== WHAT THE EXERCISE ASKS ==
Repeat the data that follows, word for word, without the images.

== RECORDED DATA ==
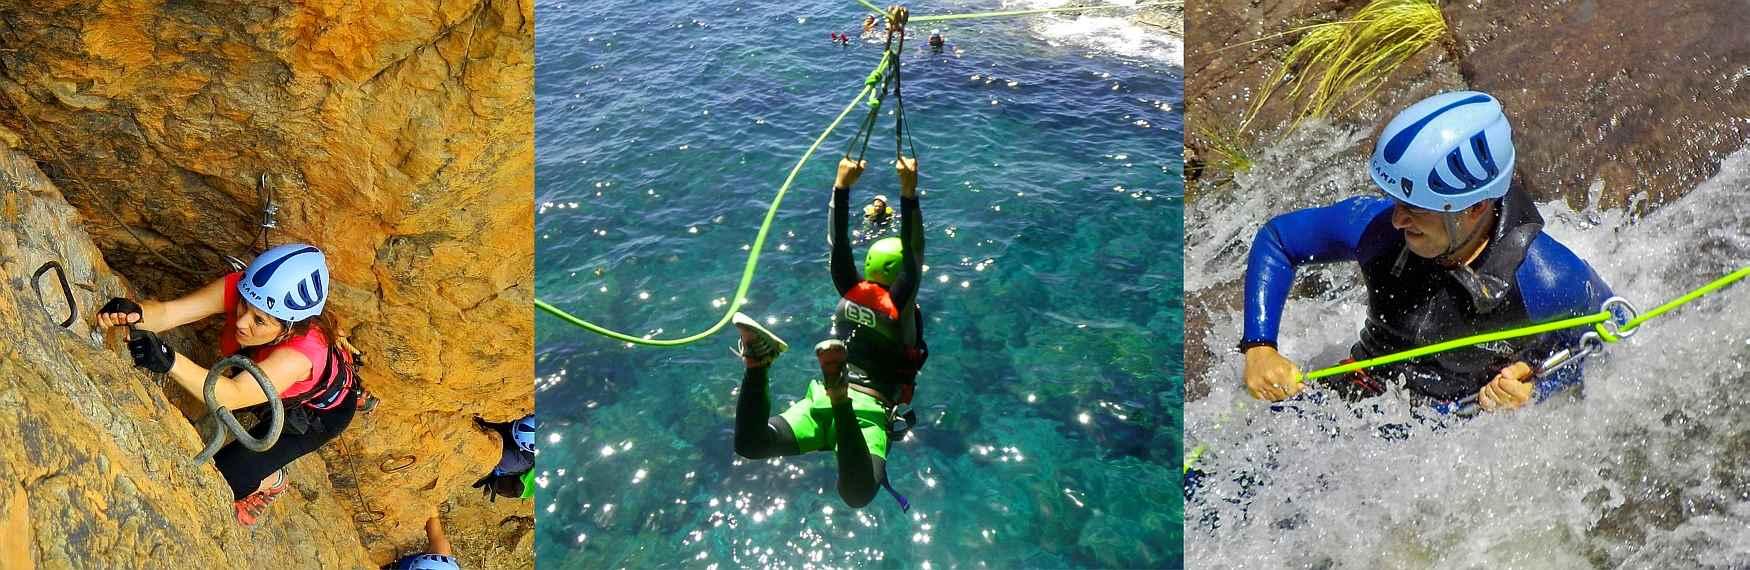 Gran Canaria Climbing - Via Ferrata - Canyoning - Coasteering
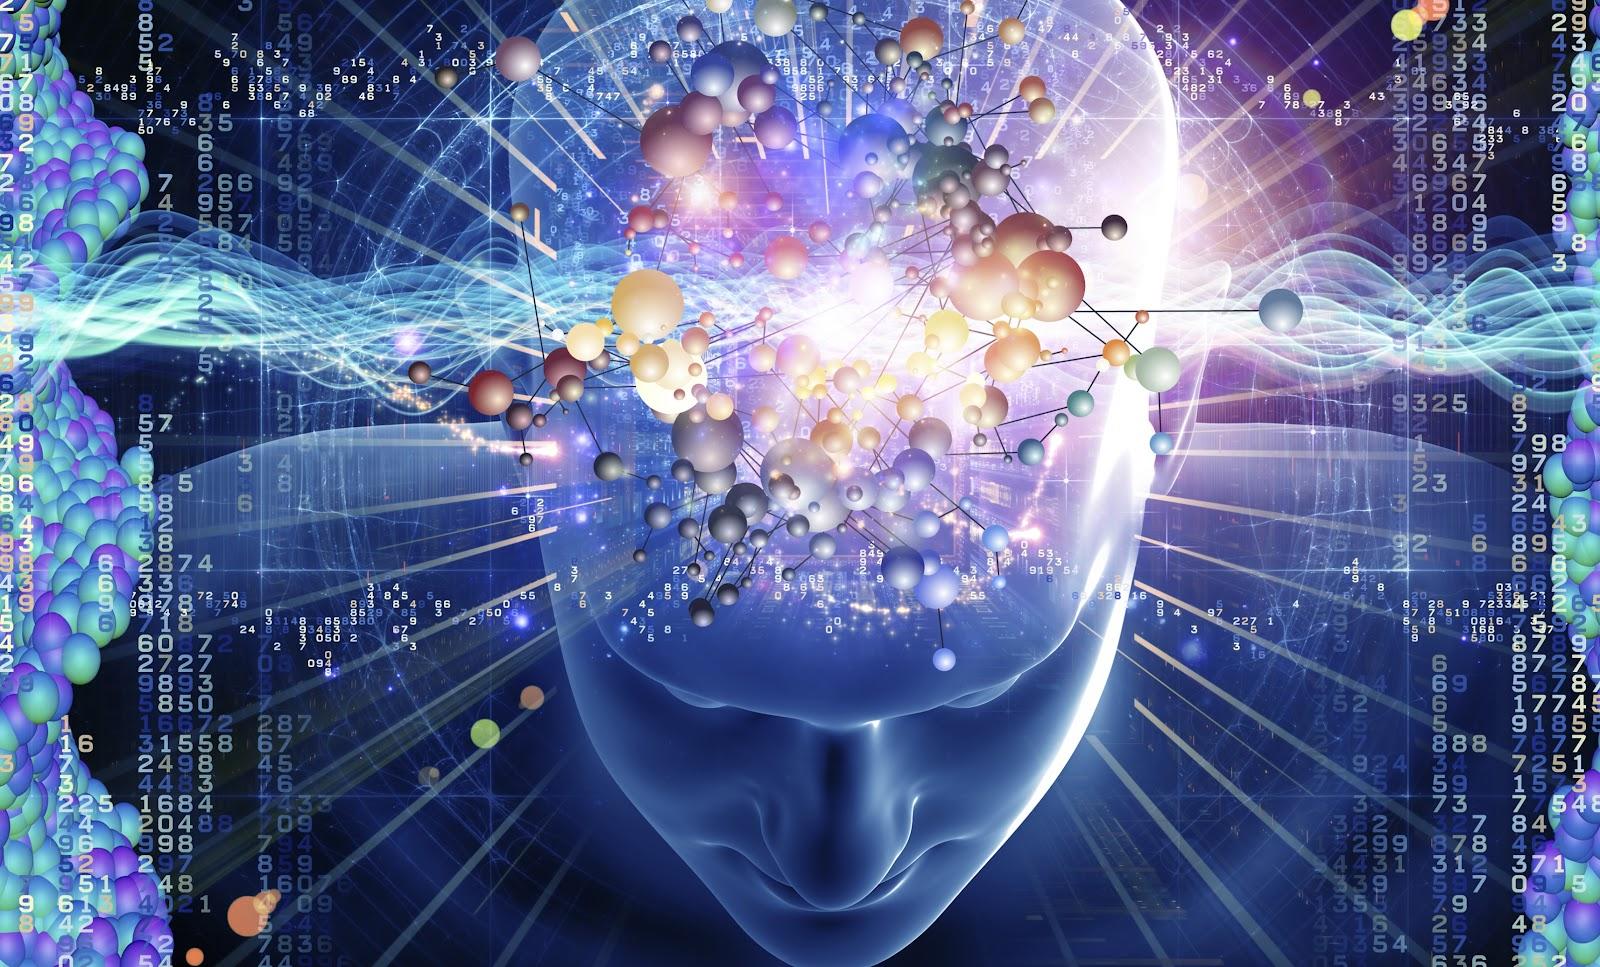 brain-evolution-orig-crop-1.jpg
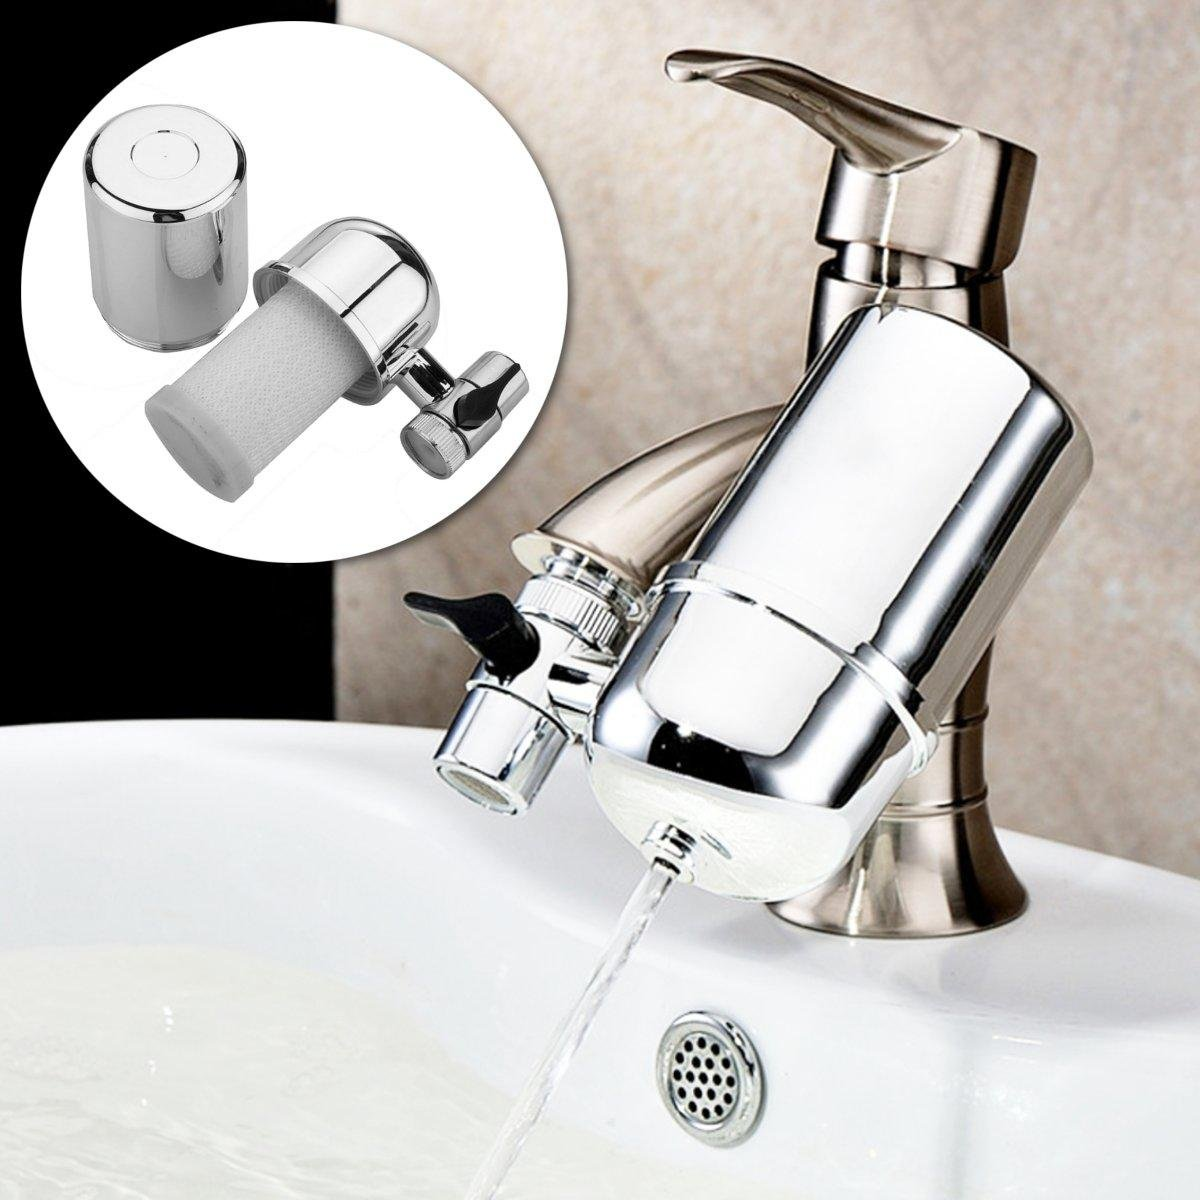 Kitchen Faucet Water Purifier - Bathroom Kitchen Water Filter Faucet Water Ionier Remove Water Contaminants Alkaline Tap Water Ceramic Cartridge Purifier (Faucet Water Purifier)

== TASK OUTPUT ==
 Gran Canaria Climbing - Via Ferrata - Canyoning - Coasteering
 brain-evolution-orig-crop-1.jpg
 Kitchen Faucet Water Purifier - Bathroom Kitchen Water Filter Faucet Water Ionier Remove Water Contaminants Alkaline Tap Water Ceramic Cartridge Purifier (Faucet Water Purifier)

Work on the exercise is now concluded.